Set down each line of the material that follows exactly, and leave its pictures out.

- AVAILABLE DATA
━━━

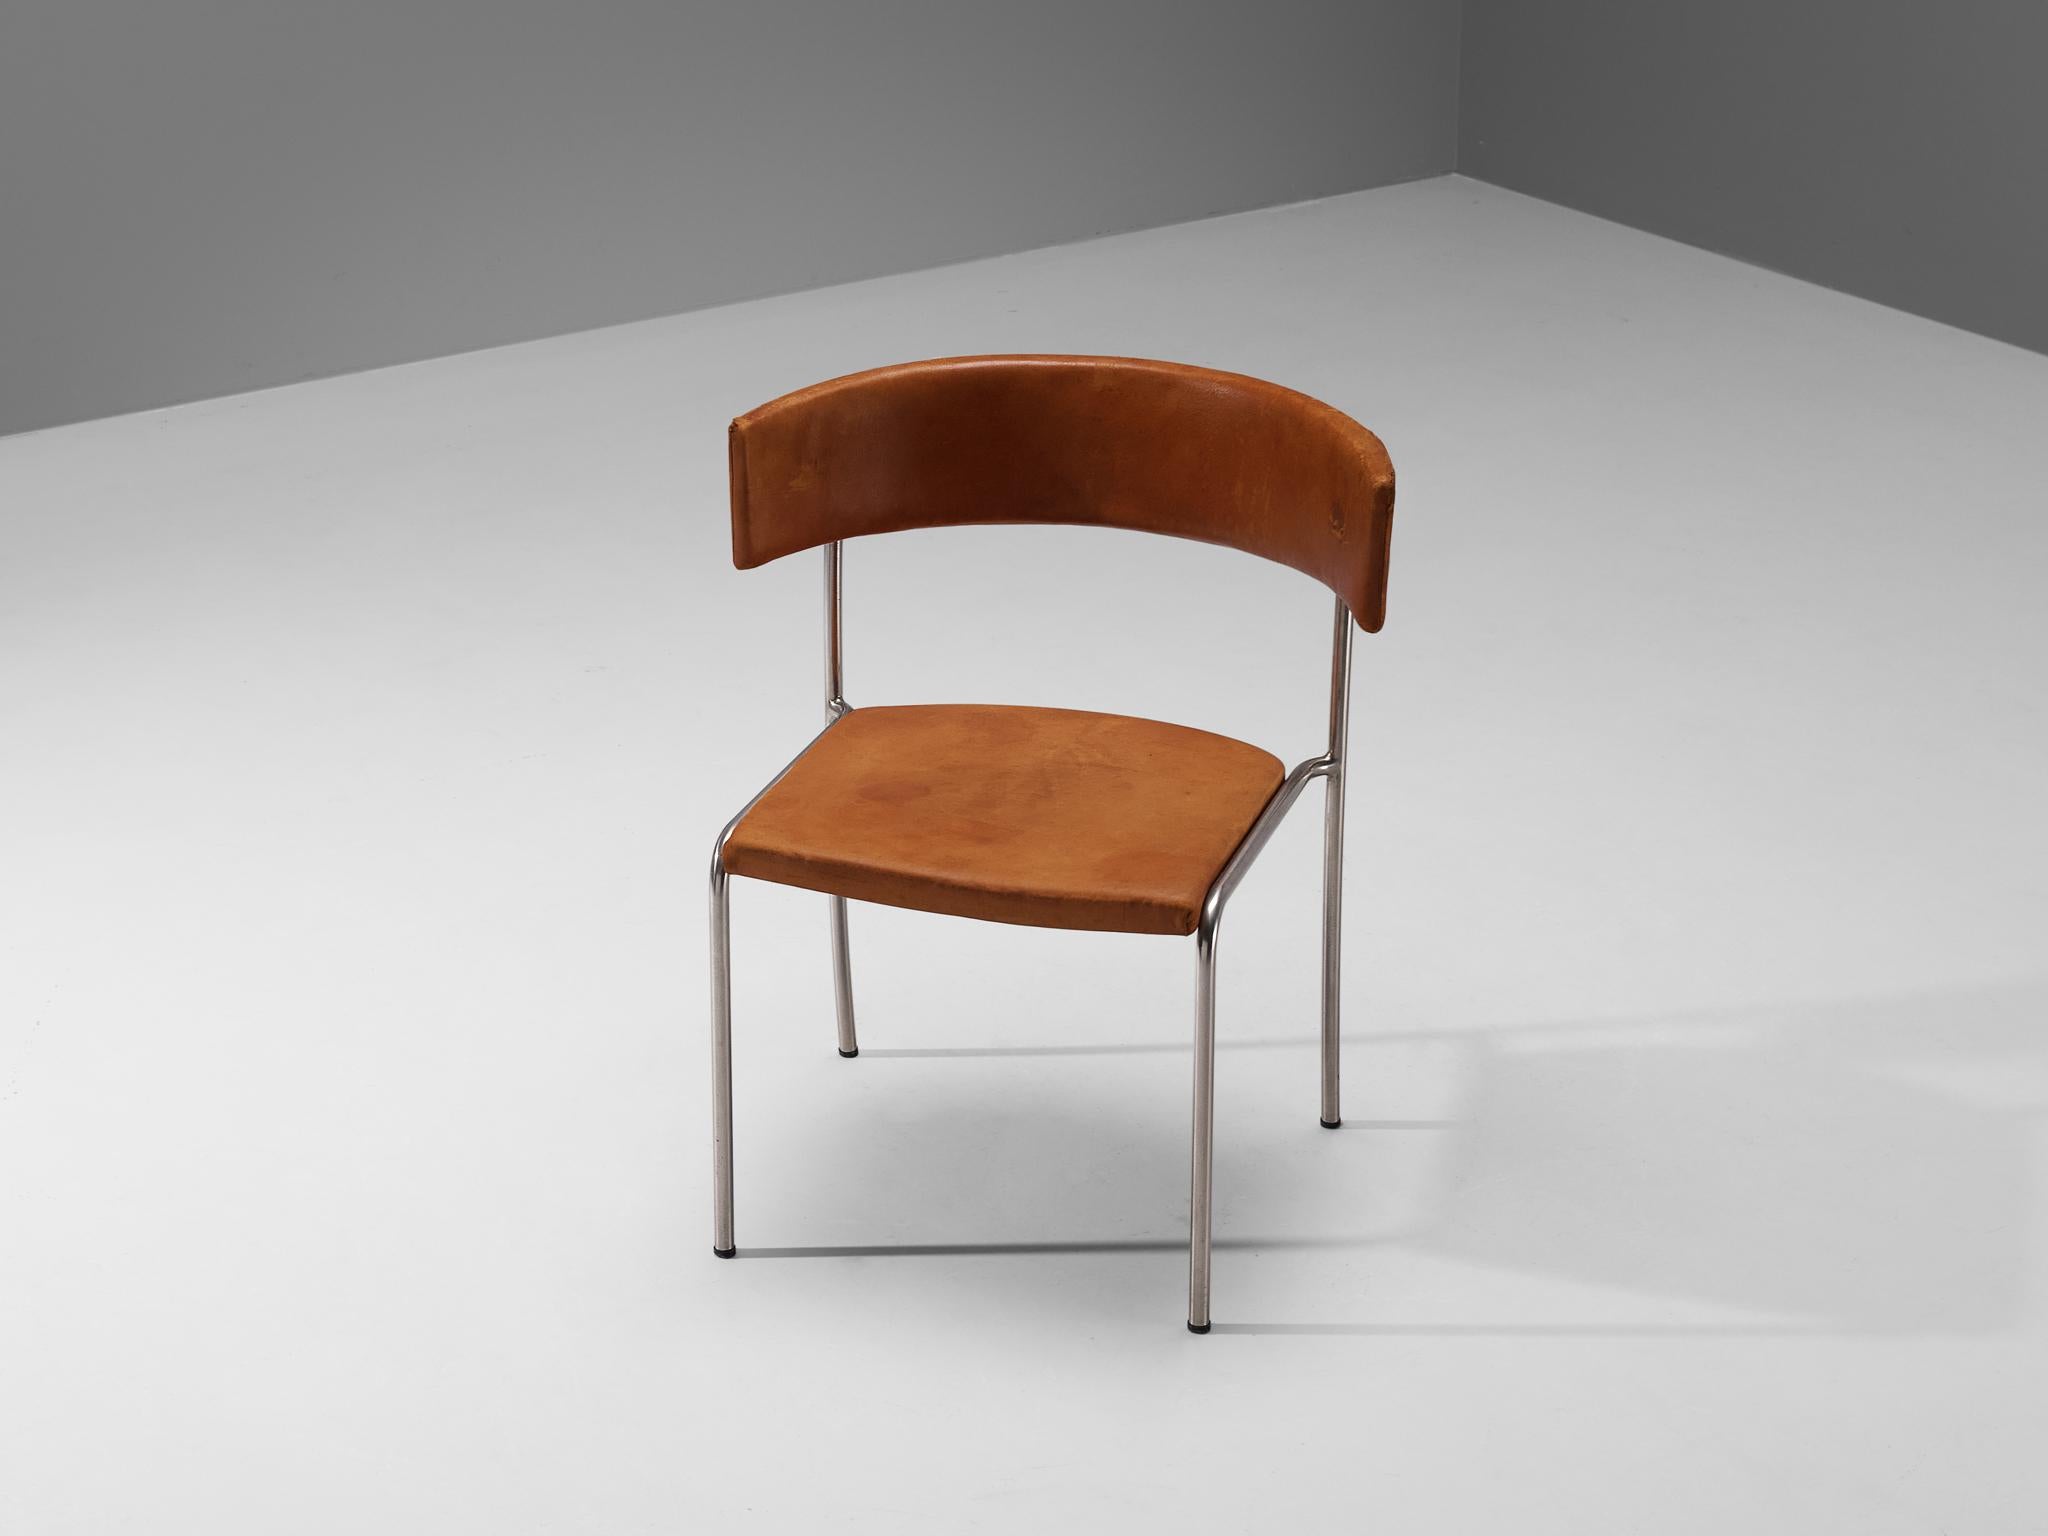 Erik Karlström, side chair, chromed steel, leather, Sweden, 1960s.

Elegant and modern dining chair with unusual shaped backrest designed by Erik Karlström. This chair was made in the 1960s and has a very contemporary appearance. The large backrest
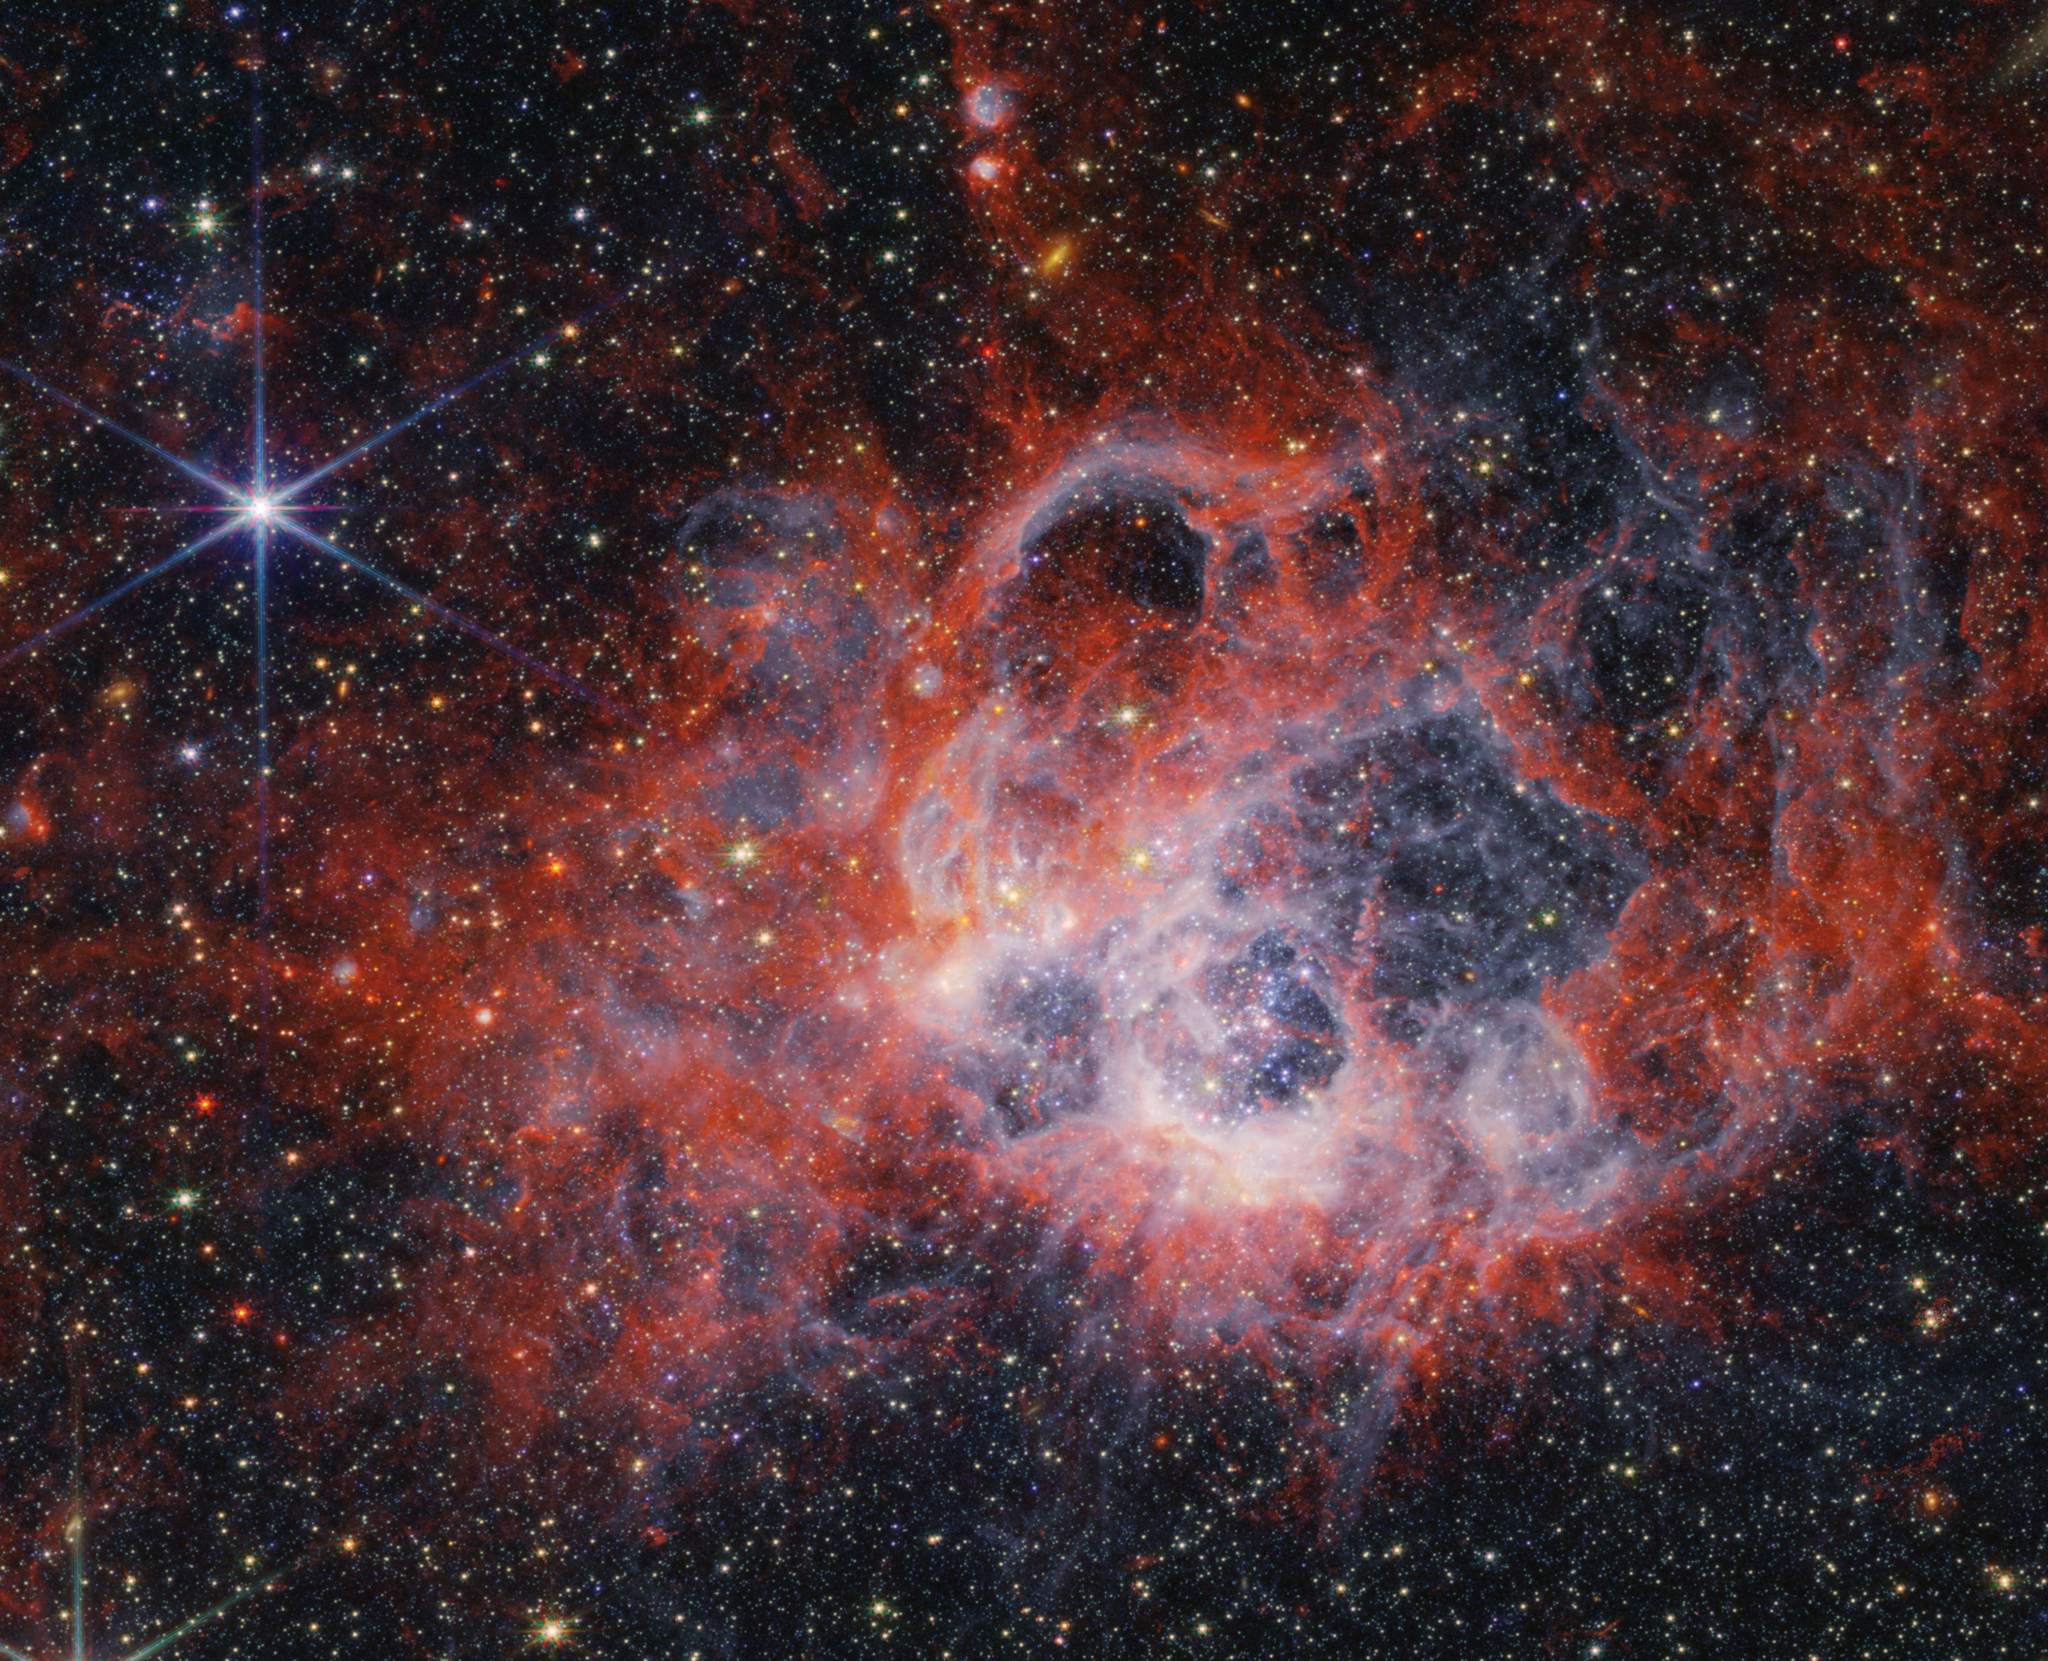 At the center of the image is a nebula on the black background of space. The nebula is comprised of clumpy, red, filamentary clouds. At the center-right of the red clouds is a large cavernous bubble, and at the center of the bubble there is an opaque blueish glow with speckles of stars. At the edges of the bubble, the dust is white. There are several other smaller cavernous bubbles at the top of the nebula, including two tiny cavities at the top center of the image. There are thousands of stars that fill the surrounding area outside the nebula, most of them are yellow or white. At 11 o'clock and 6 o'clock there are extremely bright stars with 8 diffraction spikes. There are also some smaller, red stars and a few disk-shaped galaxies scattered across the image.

━━━

- SOLUTION FOR THIS TASK
 Erik Karlström, side chair, chromed steel, leather, Sweden, 1960s.

Elegant and modern dining chair with unusual shaped backrest designed by Erik Karlström. This chair was made in the 1960s and has a very contemporary appearance. The large backrest
 At the center of the image is a nebula on the black background of space. The nebula is comprised of clumpy, red, filamentary clouds. At the center-right of the red clouds is a large cavernous bubble, and at the center of the bubble there is an opaque blueish glow with speckles of stars. At the edges of the bubble, the dust is white. There are several other smaller cavernous bubbles at the top of the nebula, including two tiny cavities at the top center of the image. There are thousands of stars that fill the surrounding area outside the nebula, most of them are yellow or white. At 11 o'clock and 6 o'clock there are extremely bright stars with 8 diffraction spikes. There are also some smaller, red stars and a few disk-shaped galaxies scattered across the image.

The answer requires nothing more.